_Exercise brief_
Repeat the data that follows in full. Do not include the pictures.

_Dataset excerpt_
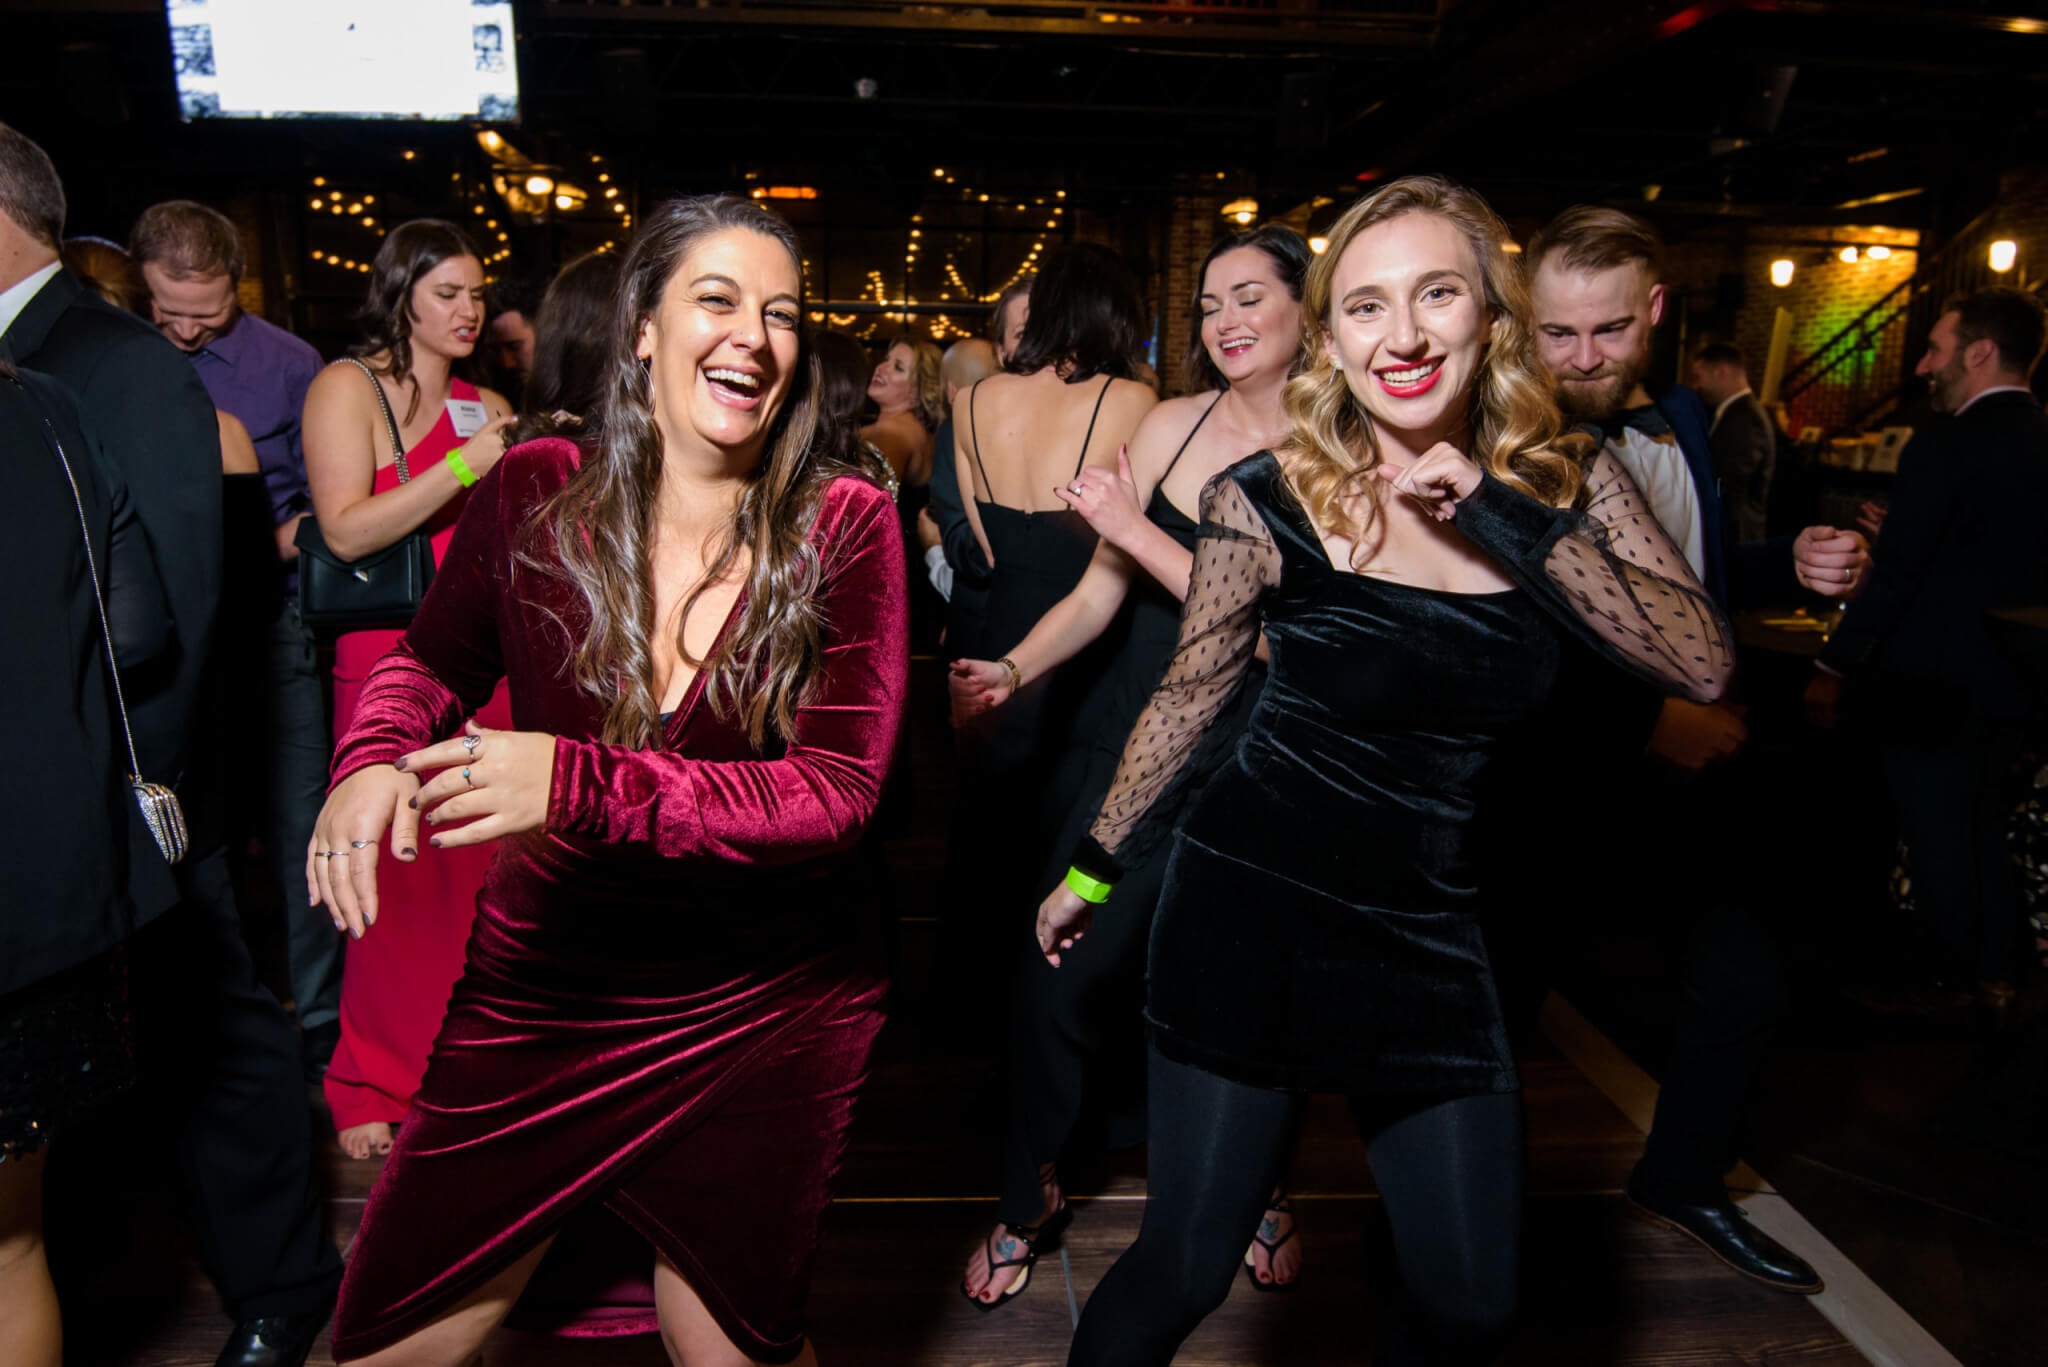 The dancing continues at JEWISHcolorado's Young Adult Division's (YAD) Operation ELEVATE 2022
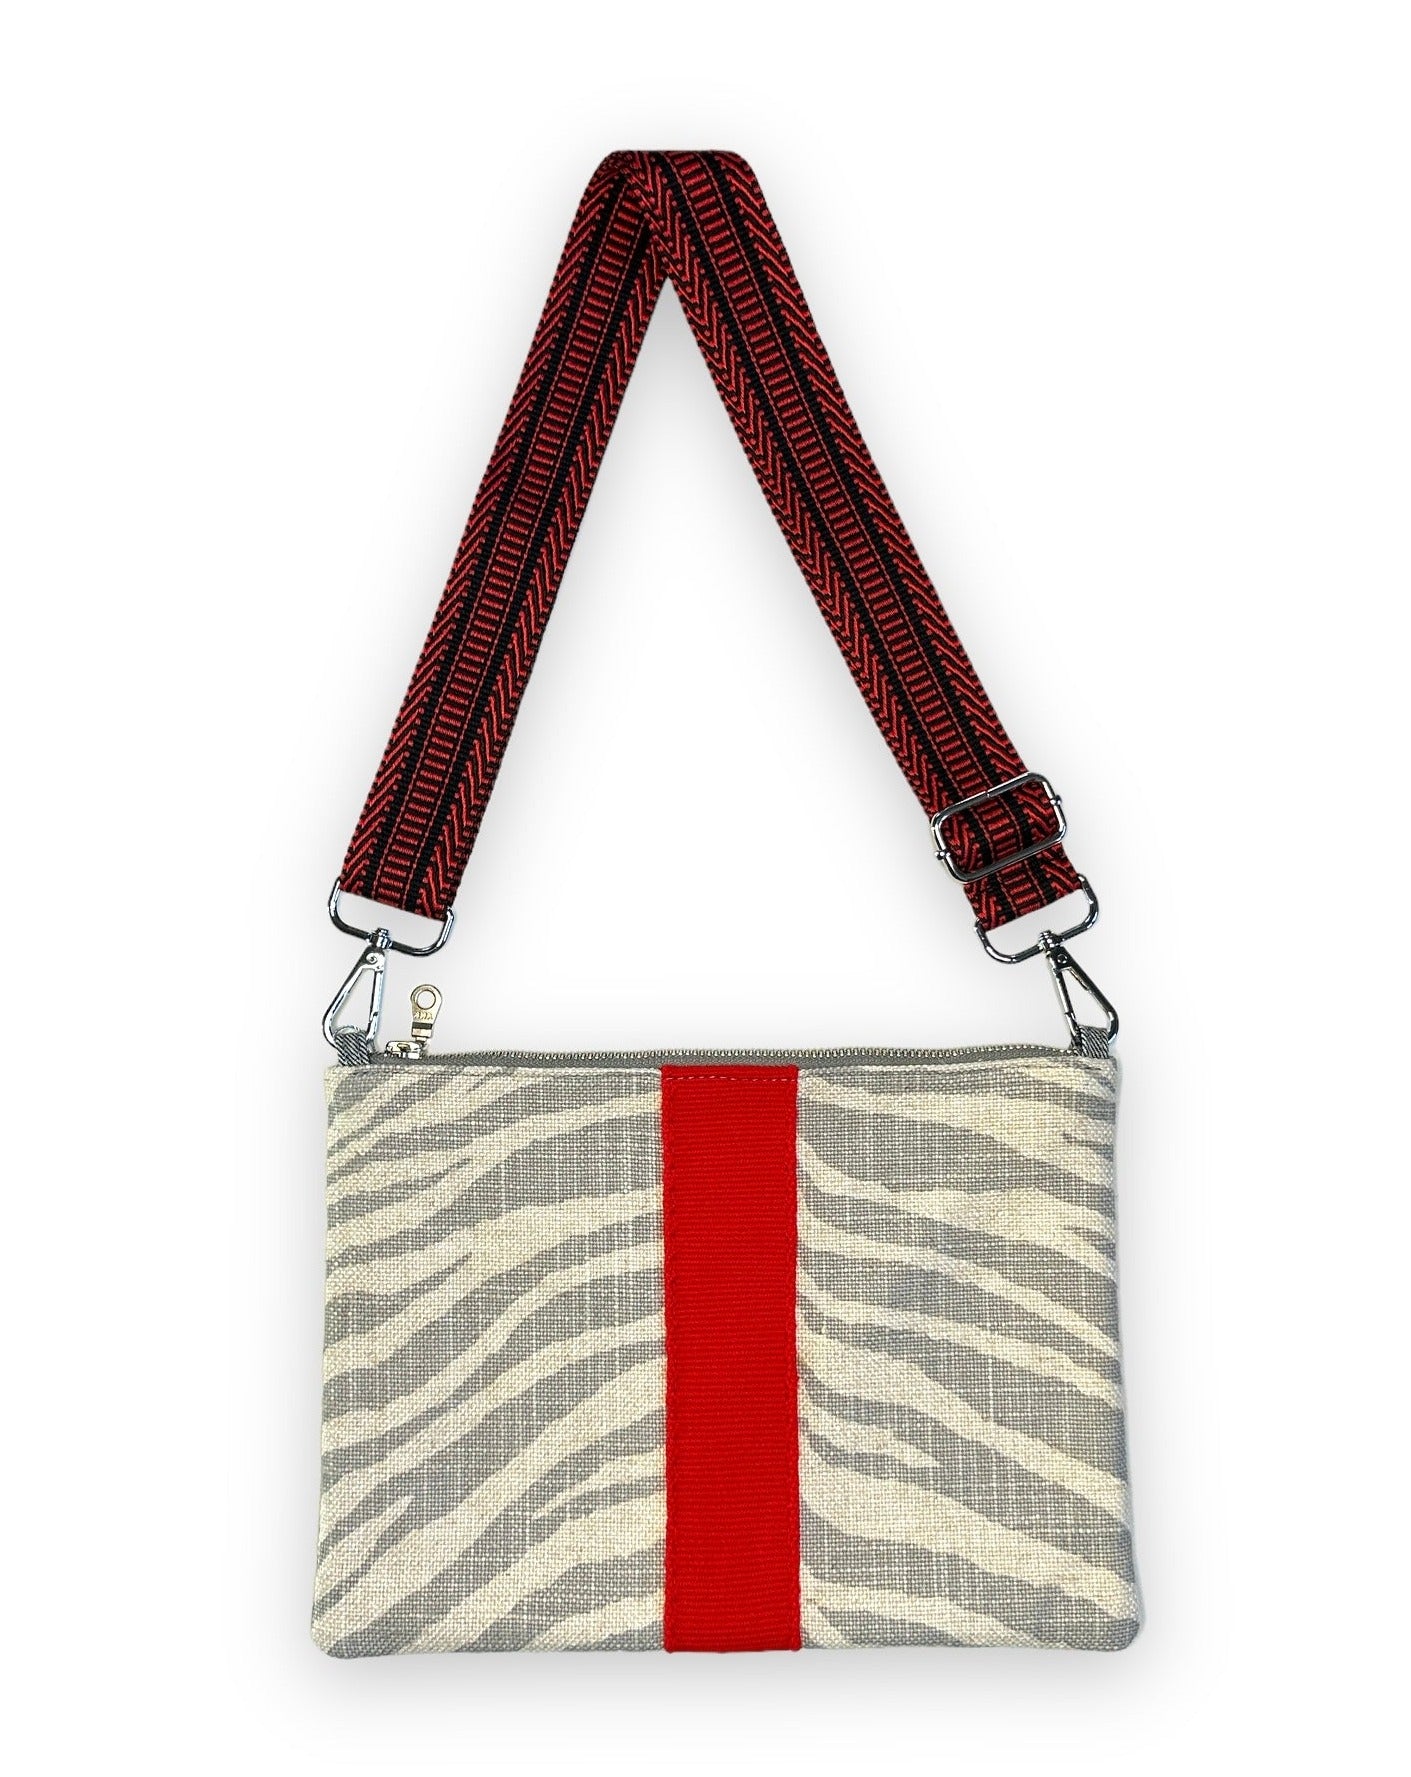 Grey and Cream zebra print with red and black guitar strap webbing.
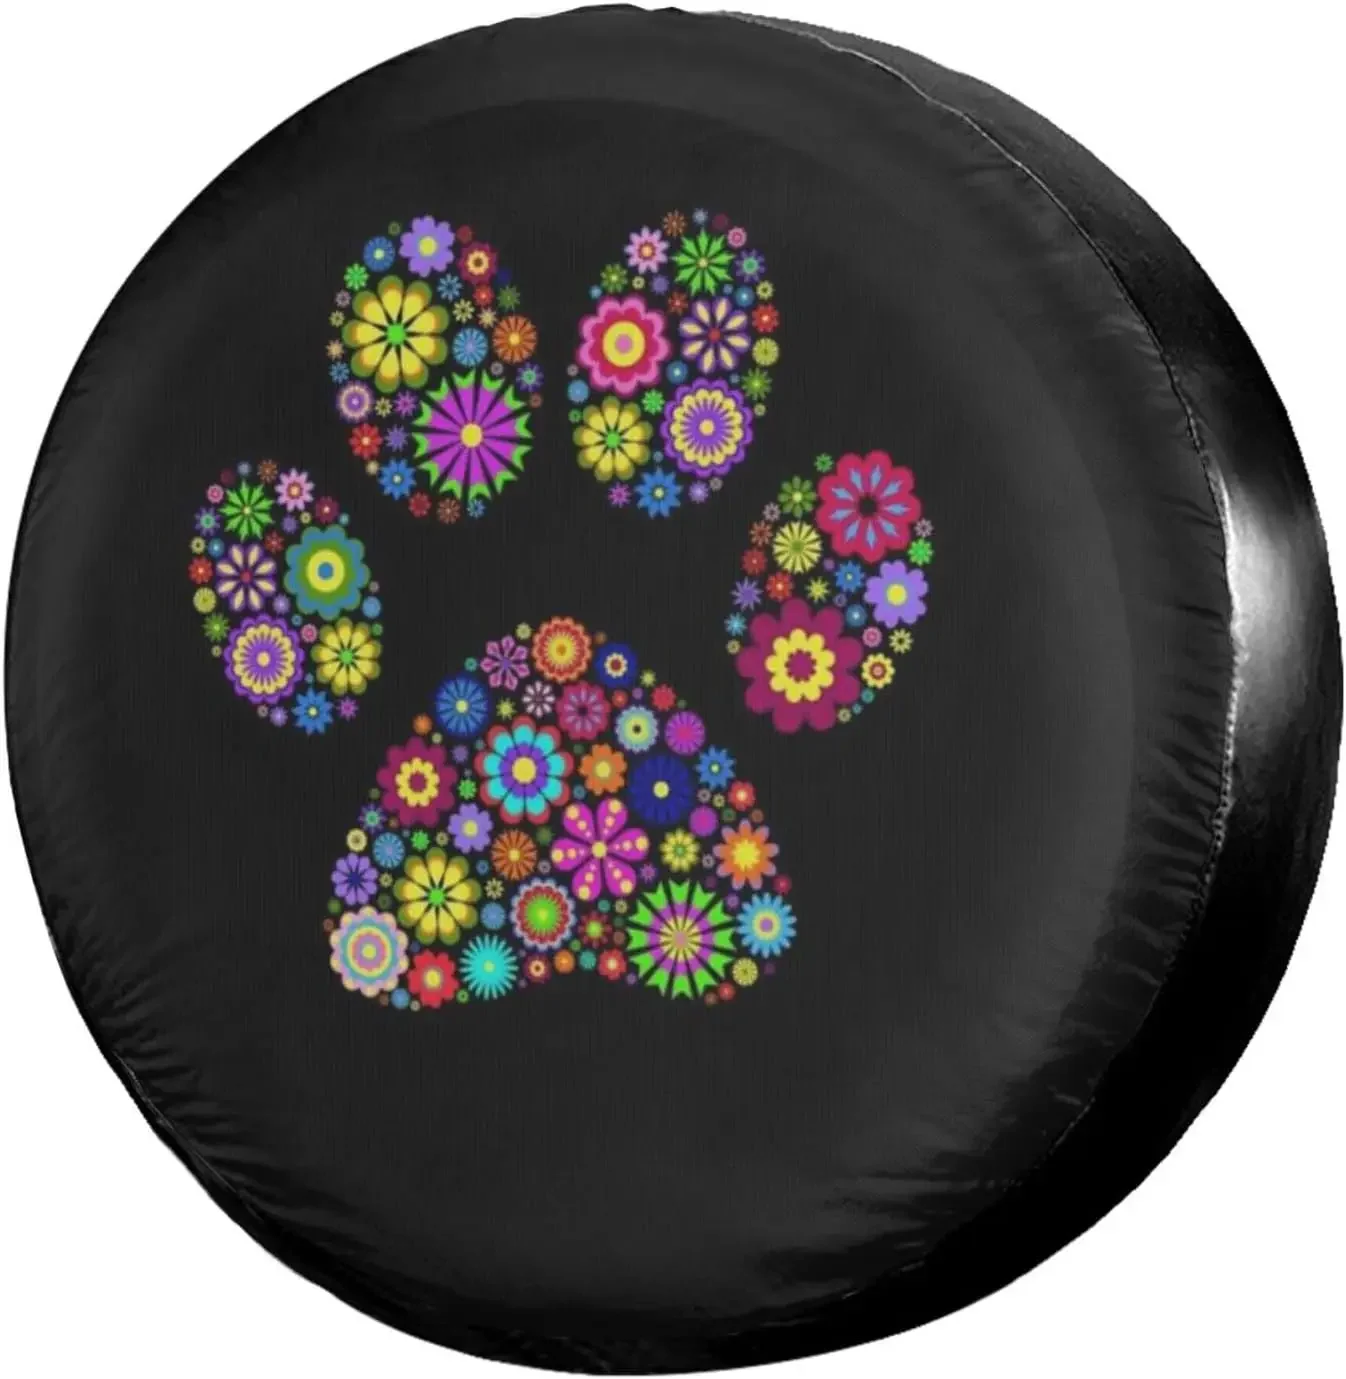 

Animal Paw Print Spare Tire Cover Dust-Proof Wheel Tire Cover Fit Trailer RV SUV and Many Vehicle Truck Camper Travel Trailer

_Result of the exercise_
 The dancing continues at JEWISHcolorado's Young Adult Division's (YAD) Operation ELEVATE 2022
 Grey and Cream zebra print with red and black guitar strap webbing.

Animal Paw Print Spare Tire Cover Dust-Proof Wheel Tire Cover Fit Trailer RV SUV and Many Vehicle Truck Camper Travel Trailer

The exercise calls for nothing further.